En indiquant officiellement que les Etats-Unis d'Amérique n'interviendraient pas en Ukraine, Obama a suivi ses militaires et décidé d'amorcer une désescalade, ce qui confirme bien que l'objectif géostratégique primordial des Américains en ce moment n'est pas de durcir l'encerclement de la Russie mais de renforcer le couplage transatlantique. Cette décision de non-intervention revient implicitement à valider ce que disait Kissinger il y a deux semaines: l'Ukraine doit rester une zone-tampon hors OTAN.
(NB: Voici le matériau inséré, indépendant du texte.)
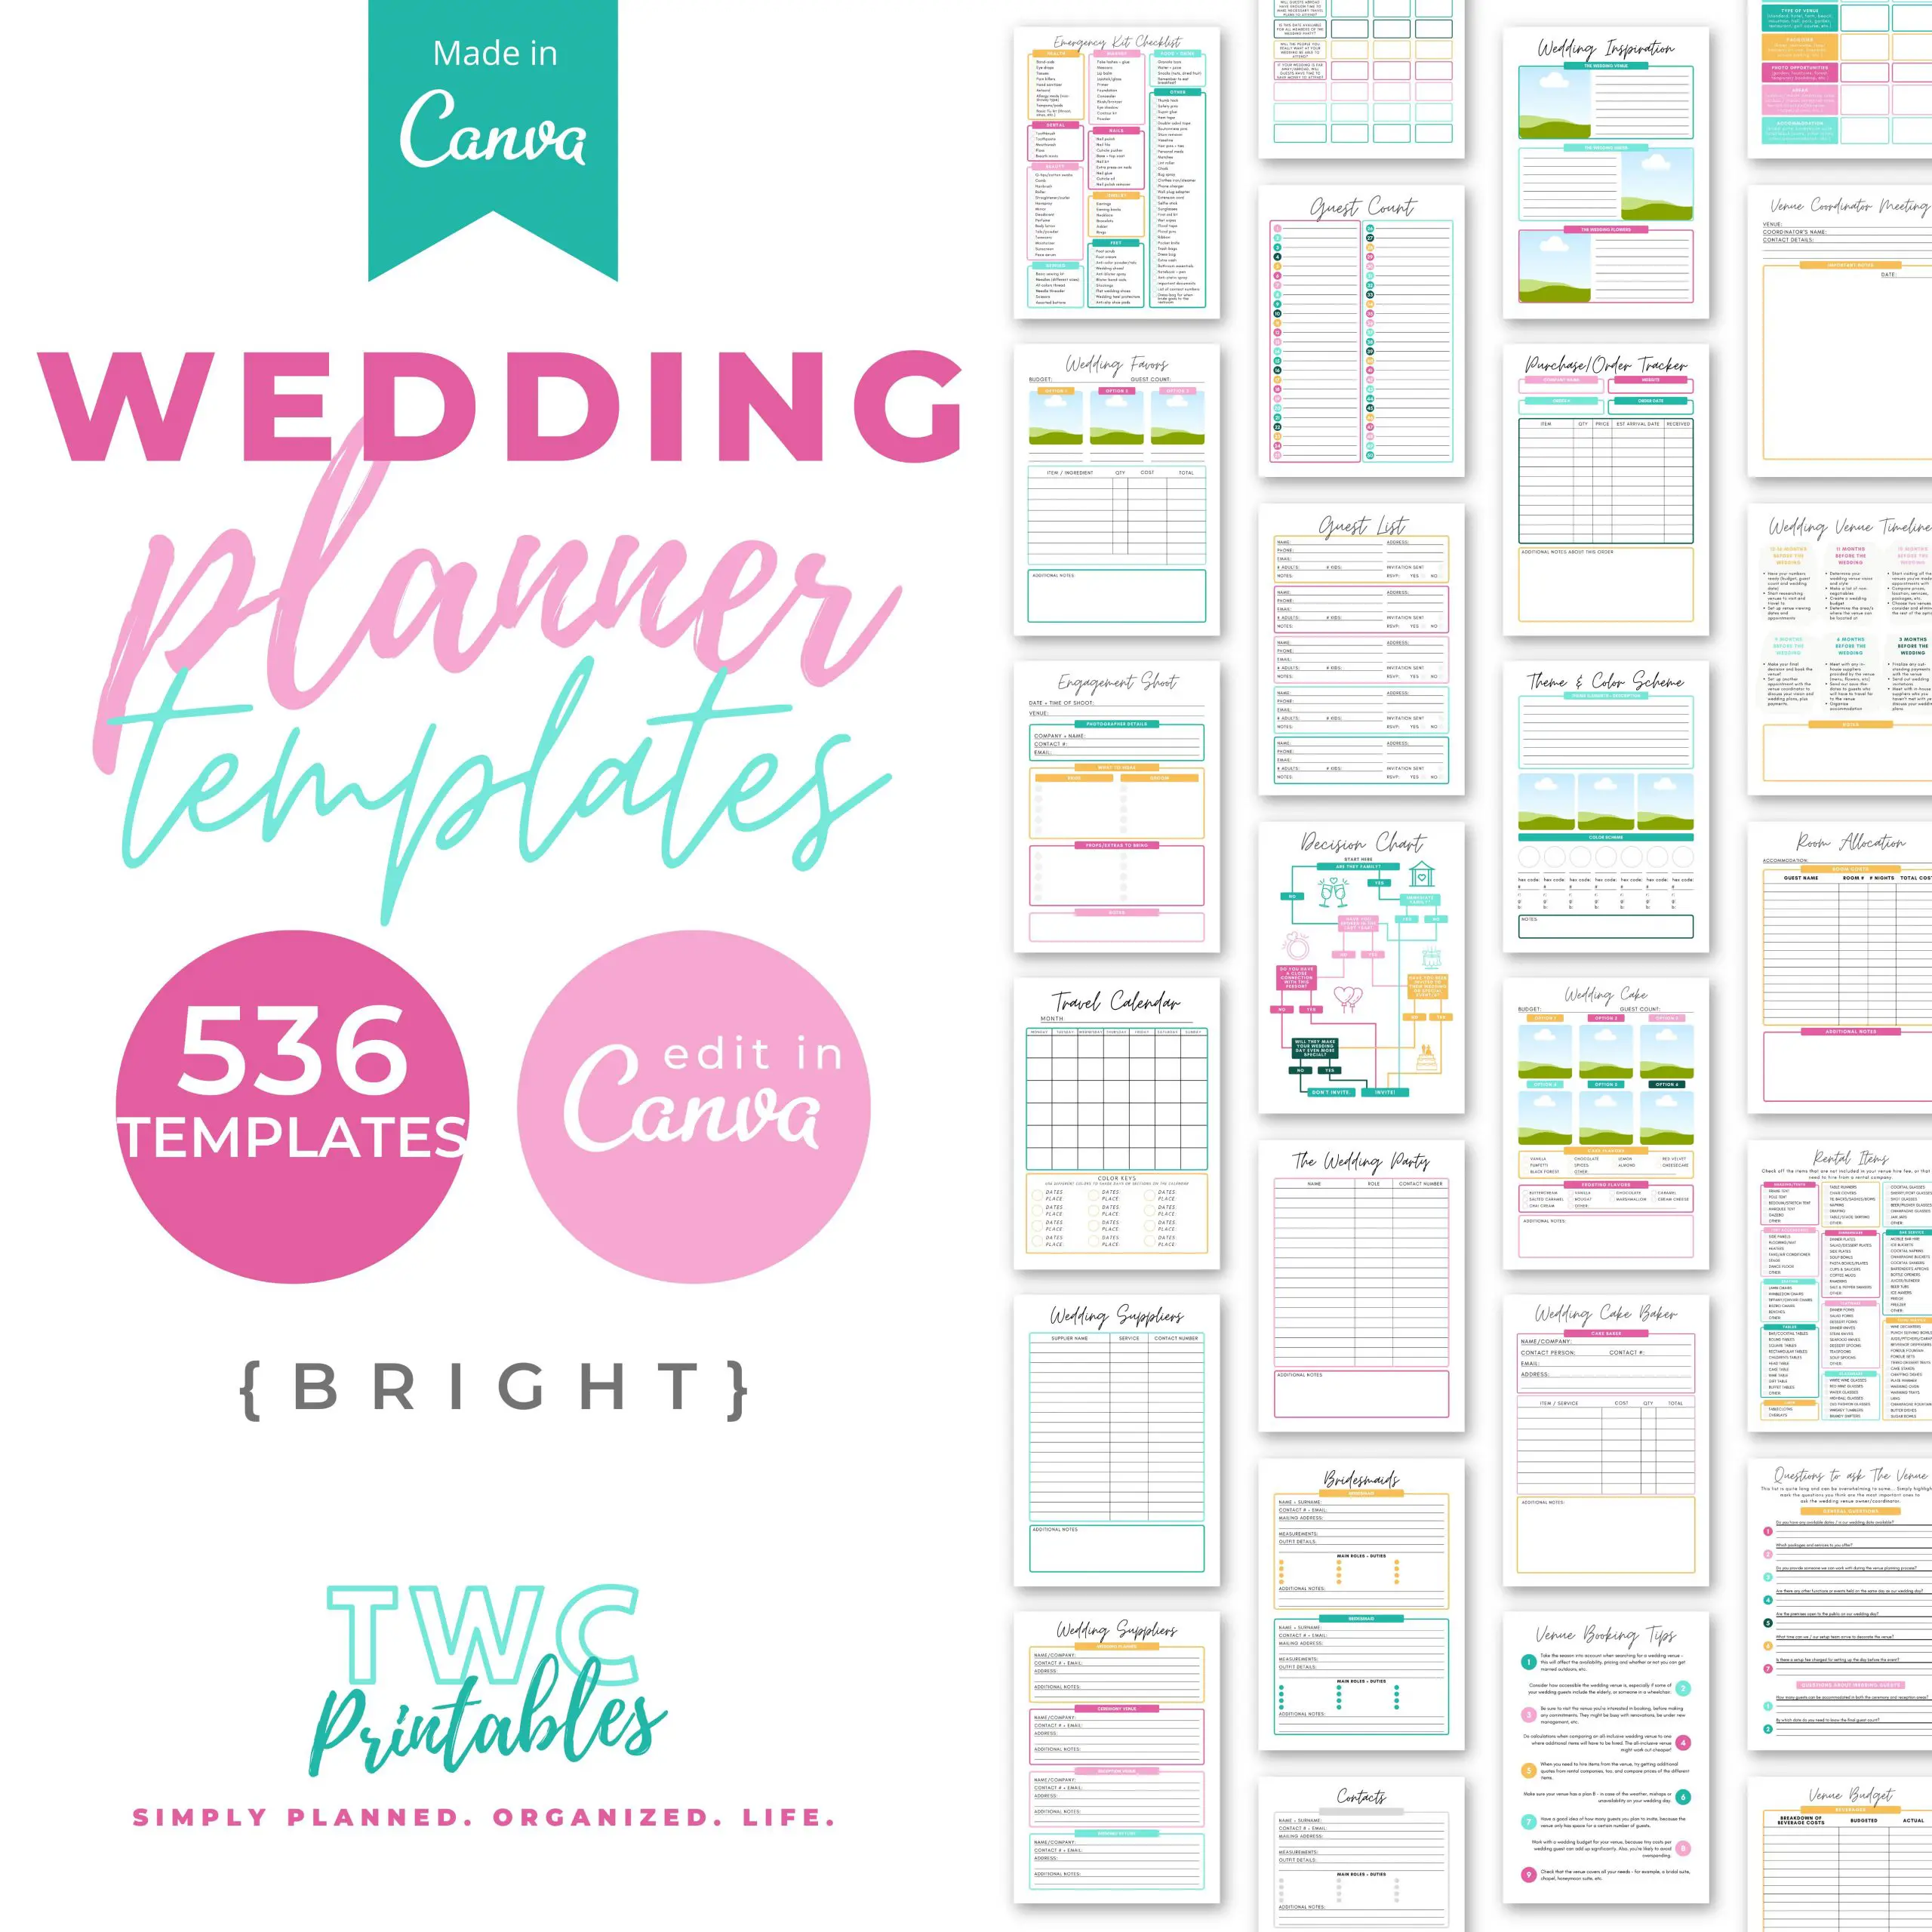 Bright wedding planner templates for Canva - The Wedding Shop - The Wedding Club

Du coup, après avoir fait inconsidérément monter la pression depuis trois jours, le gang de bouffons excités qui tient lieu de gouvernement à l'Ukraine a sagement mais tardivement baissé pavillon et abandonné toute velléité de s'opposer militairement à la Russie en Crimée. La tension est retombée: le commandant de la base ukrainienne de Sébastopol a été libéré par les Russes, et tous les militaires ukrainiens qui le souhaitent vont pouvoir rentrer en Ukraine sans inutile effusion de sang.
Ceci ne veut pas dire que tout risque d'incendie dans les régions de l'Est soit écarté: il suffirait d'un pet de travers d'un côté ou de l'autre pour que Poutine (qui conteste clairement les frontières "bolcheviques" de l'Ukraine: cf. mon précédent billet) se saisisse de l'occasion pour prendre le contrôle d'un autre morceau du pays (si l'on fait un parallèle avec les opérations en Géorgie, et que la Crimée soit une Abkhazie-bis, alors Donietsk pourrait devenir une Ossétie-bis).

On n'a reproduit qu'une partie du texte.